YOUR ASSIGNMENT -
Nothing but the lines from the start of the entries through the line containing "View Looking South" should appear in the answer, each given exactly.

SUPPLIED MATERIAL -
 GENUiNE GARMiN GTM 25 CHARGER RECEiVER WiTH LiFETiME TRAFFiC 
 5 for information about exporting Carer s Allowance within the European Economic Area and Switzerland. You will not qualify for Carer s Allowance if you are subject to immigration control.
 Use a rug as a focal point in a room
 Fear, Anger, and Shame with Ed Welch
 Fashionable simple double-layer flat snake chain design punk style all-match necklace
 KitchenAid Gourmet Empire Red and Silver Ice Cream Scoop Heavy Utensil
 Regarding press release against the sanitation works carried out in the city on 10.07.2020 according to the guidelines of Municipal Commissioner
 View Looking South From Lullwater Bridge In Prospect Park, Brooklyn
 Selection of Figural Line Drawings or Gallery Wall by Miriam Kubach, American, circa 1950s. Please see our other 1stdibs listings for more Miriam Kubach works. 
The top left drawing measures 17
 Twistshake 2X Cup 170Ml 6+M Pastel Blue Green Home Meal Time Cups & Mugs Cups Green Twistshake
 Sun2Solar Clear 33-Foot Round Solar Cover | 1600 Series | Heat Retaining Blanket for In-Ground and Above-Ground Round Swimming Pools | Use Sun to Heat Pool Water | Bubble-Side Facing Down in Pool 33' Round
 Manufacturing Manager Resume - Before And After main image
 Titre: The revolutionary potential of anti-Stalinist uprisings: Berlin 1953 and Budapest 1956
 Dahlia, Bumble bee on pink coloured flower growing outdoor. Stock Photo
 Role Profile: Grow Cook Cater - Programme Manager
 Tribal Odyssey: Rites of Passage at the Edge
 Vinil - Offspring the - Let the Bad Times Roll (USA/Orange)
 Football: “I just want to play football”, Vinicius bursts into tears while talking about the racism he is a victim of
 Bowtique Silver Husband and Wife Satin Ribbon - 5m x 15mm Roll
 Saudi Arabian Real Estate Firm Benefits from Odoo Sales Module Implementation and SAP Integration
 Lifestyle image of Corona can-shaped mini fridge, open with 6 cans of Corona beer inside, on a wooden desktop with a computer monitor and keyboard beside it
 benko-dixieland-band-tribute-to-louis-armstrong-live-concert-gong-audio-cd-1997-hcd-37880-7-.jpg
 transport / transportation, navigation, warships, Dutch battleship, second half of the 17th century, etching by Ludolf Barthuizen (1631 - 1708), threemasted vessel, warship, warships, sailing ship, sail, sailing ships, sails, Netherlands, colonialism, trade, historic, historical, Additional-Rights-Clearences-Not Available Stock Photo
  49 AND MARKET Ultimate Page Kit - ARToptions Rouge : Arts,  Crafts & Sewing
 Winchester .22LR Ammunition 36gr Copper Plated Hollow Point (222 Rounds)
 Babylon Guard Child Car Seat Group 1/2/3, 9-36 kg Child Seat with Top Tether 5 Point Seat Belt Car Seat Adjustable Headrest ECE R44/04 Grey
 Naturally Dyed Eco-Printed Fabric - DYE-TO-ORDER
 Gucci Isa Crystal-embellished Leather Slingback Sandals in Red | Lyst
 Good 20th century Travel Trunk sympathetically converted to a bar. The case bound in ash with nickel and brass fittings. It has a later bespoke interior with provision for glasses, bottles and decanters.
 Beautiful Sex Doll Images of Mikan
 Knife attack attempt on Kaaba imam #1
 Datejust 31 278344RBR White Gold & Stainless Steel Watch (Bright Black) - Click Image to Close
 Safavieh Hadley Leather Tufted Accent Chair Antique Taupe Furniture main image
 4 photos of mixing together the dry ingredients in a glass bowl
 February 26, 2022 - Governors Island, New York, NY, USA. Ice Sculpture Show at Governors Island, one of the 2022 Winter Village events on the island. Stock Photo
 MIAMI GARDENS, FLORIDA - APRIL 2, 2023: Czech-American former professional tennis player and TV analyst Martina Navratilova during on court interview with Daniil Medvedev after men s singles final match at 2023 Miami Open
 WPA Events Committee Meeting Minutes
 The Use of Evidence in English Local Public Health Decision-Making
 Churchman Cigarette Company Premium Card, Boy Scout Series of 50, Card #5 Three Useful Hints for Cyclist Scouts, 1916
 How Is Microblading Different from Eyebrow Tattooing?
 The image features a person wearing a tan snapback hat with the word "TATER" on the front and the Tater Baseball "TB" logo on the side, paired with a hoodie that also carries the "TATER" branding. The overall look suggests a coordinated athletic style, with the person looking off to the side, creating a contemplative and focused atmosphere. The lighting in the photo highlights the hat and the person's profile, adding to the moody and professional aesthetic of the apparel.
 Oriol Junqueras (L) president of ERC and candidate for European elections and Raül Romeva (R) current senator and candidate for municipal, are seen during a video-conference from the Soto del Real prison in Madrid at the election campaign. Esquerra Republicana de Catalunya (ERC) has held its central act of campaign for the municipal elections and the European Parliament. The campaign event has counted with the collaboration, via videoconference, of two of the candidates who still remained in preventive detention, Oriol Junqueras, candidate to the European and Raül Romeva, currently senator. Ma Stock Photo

WRITTEN ANSWER -
 GENUiNE GARMiN GTM 25 CHARGER RECEiVER WiTH LiFETiME TRAFFiC 
 5 for information about exporting Carer s Allowance within the European Economic Area and Switzerland. You will not qualify for Carer s Allowance if you are subject to immigration control.
 Use a rug as a focal point in a room
 Fear, Anger, and Shame with Ed Welch
 Fashionable simple double-layer flat snake chain design punk style all-match necklace
 KitchenAid Gourmet Empire Red and Silver Ice Cream Scoop Heavy Utensil
 Regarding press release against the sanitation works carried out in the city on 10.07.2020 according to the guidelines of Municipal Commissioner
 View Looking South From Lullwater Bridge In Prospect Park, Brooklyn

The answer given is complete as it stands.